In reply to Hilary Zunin's question about Shakespeare and religion, I
urge you to check out Huston Diehl's terrific new book *Staging Reform,
Reforming the Stage:  Protestantism and Popular Theater in Early Modern
England* that is just available from Cornell UP.  Diehl analyzes
tragedies by Kyd, Marlowe, Middleton, Webster, and Shakespeare and
argues that Elizabethan and Jacobean drama is "both a product of the
Protestant Reformation-a reformed drama-and a producer of Protestant
habits of thought-a reforming drama."  I especially like her careful
examination of the religious controversies and what relationship they
have to the stage.  She makes clear the differences, conflicts and
ruptures within Protestantism; how the dramas appropriate the rhetoric
of Protestantism; and how they rehearse the stresses and changes wrought
by the Reformation.  You mentioned a particular interest in *Hamlet*:
Check out chapter 5, "Censoring the Imaginary:  The Wittenberg
Tragedies."

Kathryn M. Moncrief
Dept. of English
U of Iowa

[2]-----------------------------------------------------------------
From:           James Marino <This email address is being protected from spambots.
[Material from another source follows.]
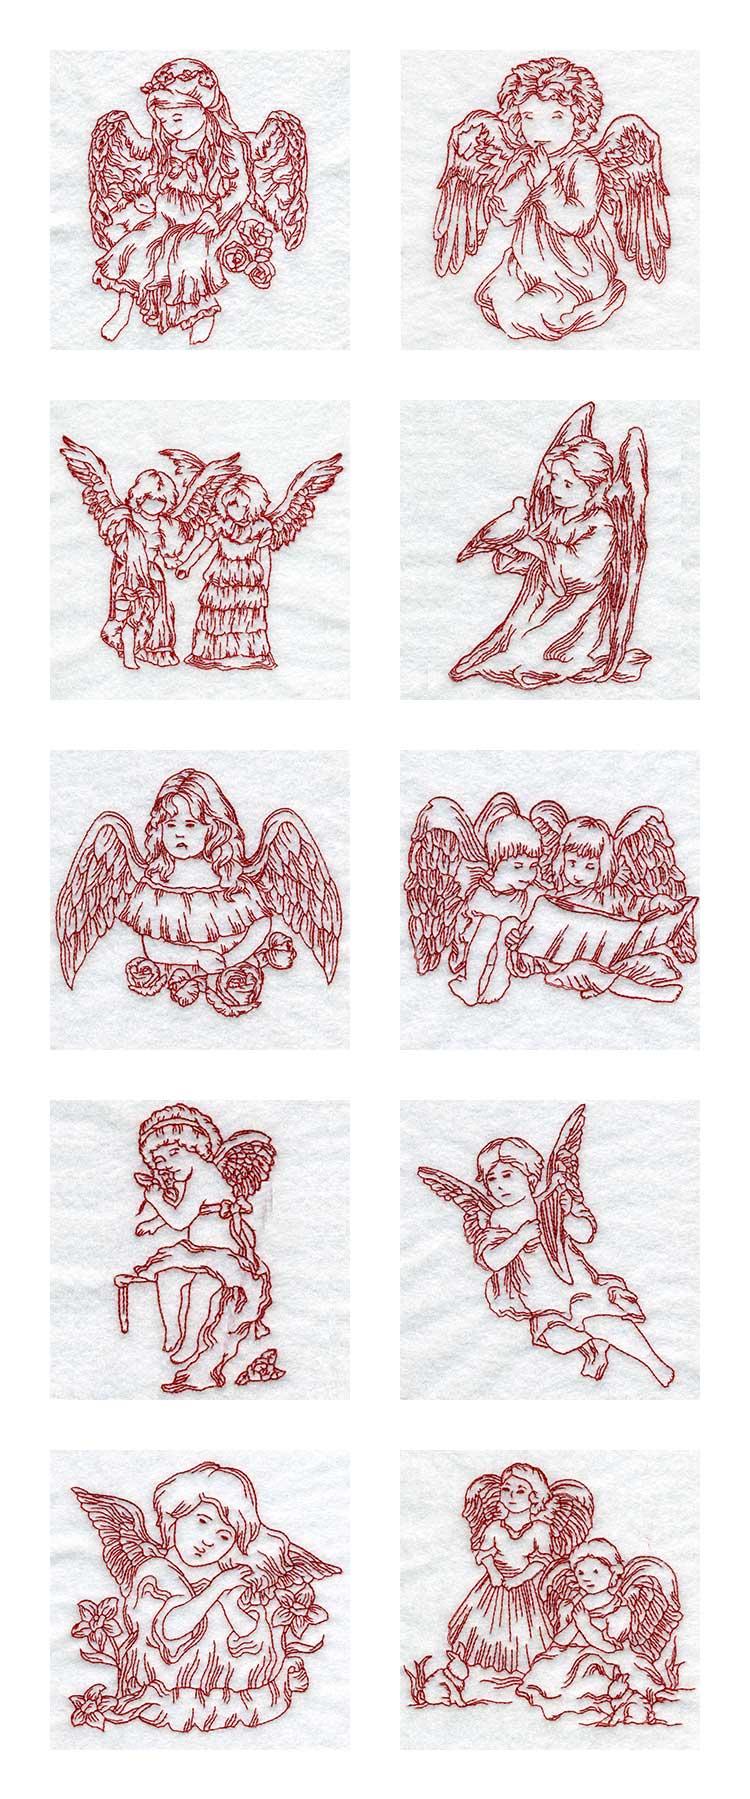 Embroidery machine designs line art children angels set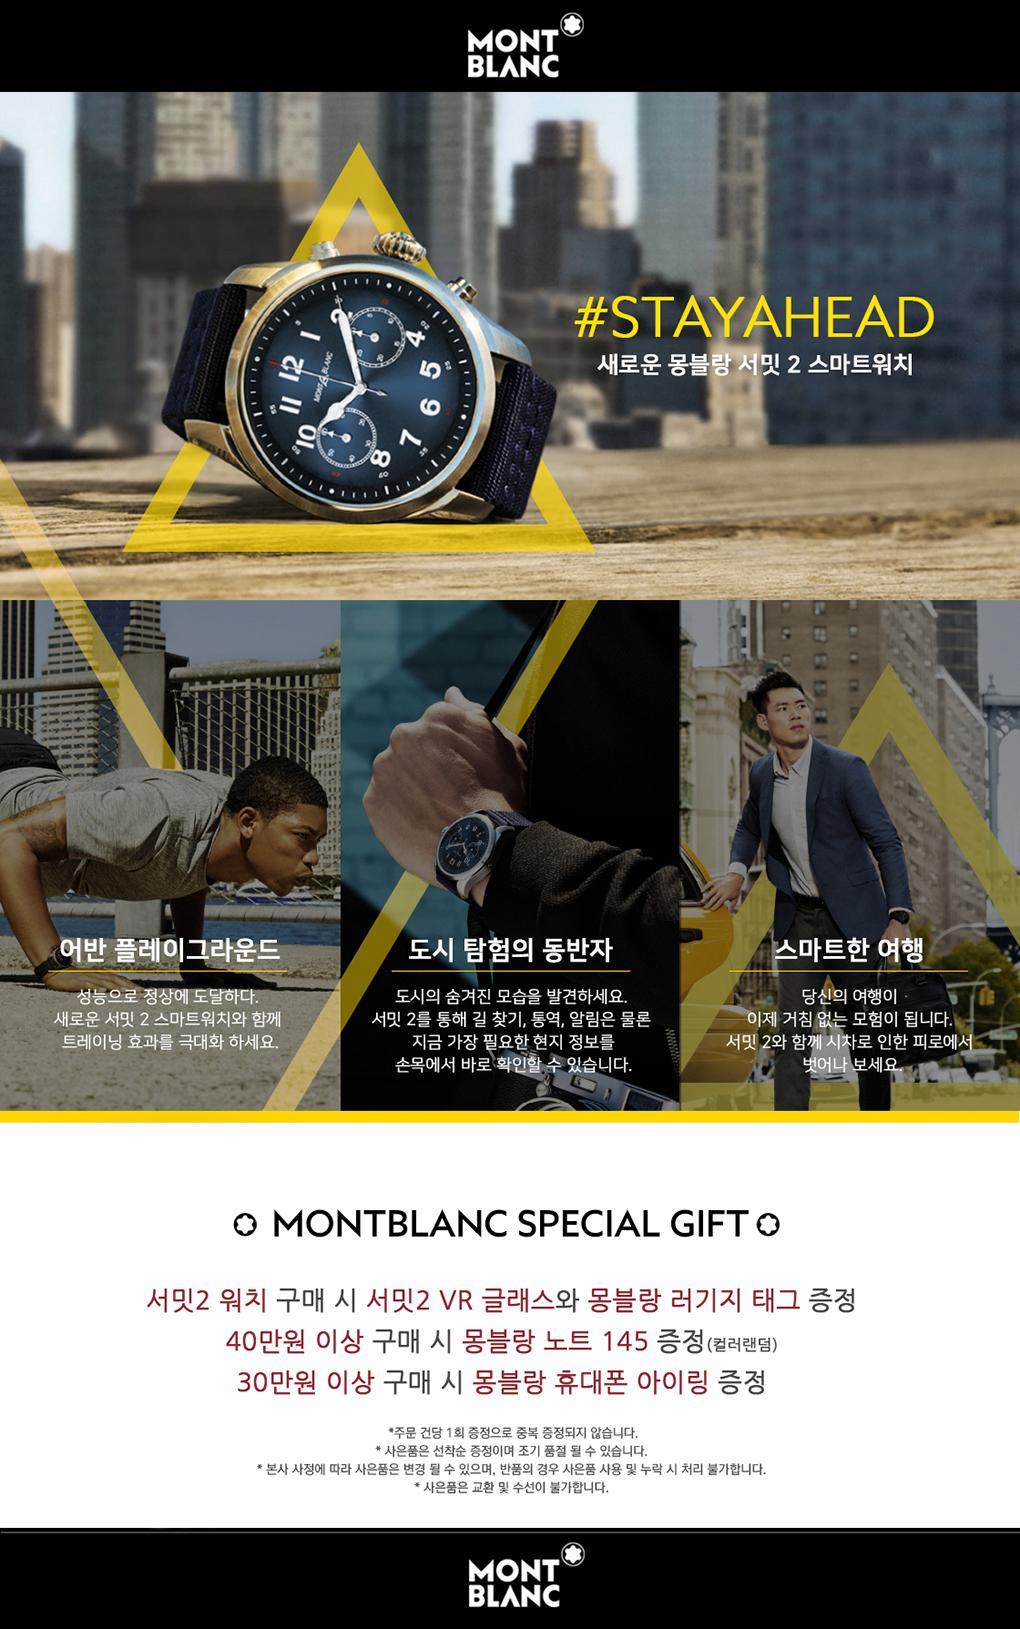 SUMMIT2 Smart Watch

You need JavaScript enabled to view it.>
Date:           Thursday, 10 Apr 1997 11:38:56 -0600
Subject: 8.0437  Qs: Elizabethan Currency
Comment:        Re: SHK 8.0437  Qs: Elizabethan Currency

Alfred Harbage, Shakespeare's Audience, contains a conversion table on
p.  59.  if that's not near to  hand, Andrew Gurr supplies some
equivalents on pp. 197-199 of the handy text The Shakespearean Stage,
1574-1642.

[3]-----------------------------------------------------------------
From:           Annalisa Castaldo <This email address is being protected from spambots. You need JavaScript enabled to view it.>
Date:           Thursday, 10 Apr 1997 14:55:00 -0400 (EDT)
Subject: 8.0436 Questions with Editor's Notes Attached
Comment:        Re: SHK 8.0436 Questions with Editor's Notes Attached

I saw a production of Pericles in London which did exactly what you are
proposing; kept Glower "onstage" but in the first row of the audience.
Thus his later comments seemed to emerge from the spectators themselves.
I recall it as being very effective (however, it was a very intimate
theater).

Annalisa Castaldo
Temple University

[4]----------------------------------------------------------------
From:           Pervez Rizvi <This email address is being protected from spambots. You need JavaScript enabled to view it.>
Date:           Friday, 11 Apr 1997 09:41:39 +0100
Subject:        Monkeys

I'd like to share the following observation, attributed to Prof. Robert
Wilensky of the University of California at Berkeley:

"We've all heard that a million monkeys banging on a million typewriters
will eventually reproduce the works of Shakespeare. Now, thanks to the
Internet, we know this is not true."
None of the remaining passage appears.